* BRIEF
Where a line below holds the string "Tiffany", copy that line.

INPUT DATA START

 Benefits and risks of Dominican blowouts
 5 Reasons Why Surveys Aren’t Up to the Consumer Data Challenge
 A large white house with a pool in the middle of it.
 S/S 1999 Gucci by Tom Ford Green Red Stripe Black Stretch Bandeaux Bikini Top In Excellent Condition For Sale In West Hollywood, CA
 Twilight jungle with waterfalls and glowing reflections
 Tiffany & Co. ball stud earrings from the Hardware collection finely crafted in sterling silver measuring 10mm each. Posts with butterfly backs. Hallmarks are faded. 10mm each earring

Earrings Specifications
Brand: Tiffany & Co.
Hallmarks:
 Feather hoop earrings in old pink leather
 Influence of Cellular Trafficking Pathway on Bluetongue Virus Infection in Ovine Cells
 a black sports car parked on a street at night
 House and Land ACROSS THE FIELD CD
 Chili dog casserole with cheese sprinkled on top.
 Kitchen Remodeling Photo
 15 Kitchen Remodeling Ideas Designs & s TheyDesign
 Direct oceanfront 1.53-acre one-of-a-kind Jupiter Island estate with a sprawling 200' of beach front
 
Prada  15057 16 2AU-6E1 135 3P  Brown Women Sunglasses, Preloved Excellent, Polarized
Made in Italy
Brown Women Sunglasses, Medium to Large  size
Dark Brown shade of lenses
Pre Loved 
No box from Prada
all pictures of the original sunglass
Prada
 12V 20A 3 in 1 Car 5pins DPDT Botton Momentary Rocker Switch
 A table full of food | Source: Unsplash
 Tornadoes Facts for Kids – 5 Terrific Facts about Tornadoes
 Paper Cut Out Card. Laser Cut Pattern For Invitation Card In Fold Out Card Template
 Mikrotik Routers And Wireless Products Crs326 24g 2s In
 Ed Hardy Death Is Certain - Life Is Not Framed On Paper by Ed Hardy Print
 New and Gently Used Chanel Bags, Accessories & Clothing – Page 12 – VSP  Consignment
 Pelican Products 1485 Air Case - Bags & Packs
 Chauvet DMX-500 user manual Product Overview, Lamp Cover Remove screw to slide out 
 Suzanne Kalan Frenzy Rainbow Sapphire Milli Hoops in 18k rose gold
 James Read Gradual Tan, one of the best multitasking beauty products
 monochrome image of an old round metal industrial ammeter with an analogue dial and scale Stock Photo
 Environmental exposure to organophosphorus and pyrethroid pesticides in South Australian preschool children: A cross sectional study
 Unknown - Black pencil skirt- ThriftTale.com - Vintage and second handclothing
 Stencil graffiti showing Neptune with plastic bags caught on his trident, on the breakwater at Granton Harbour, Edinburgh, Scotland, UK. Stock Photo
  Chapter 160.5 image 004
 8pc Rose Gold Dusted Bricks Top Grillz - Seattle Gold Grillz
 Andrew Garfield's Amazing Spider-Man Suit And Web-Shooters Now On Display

INPUT DATA END

* ANSWER FOR THE TASK
 Tiffany & Co. ball stud earrings from the Hardware collection finely crafted in sterling silver measuring 10mm each. Posts with butterfly backs. Hallmarks are faded. 10mm each earring
Brand: Tiffany & Co.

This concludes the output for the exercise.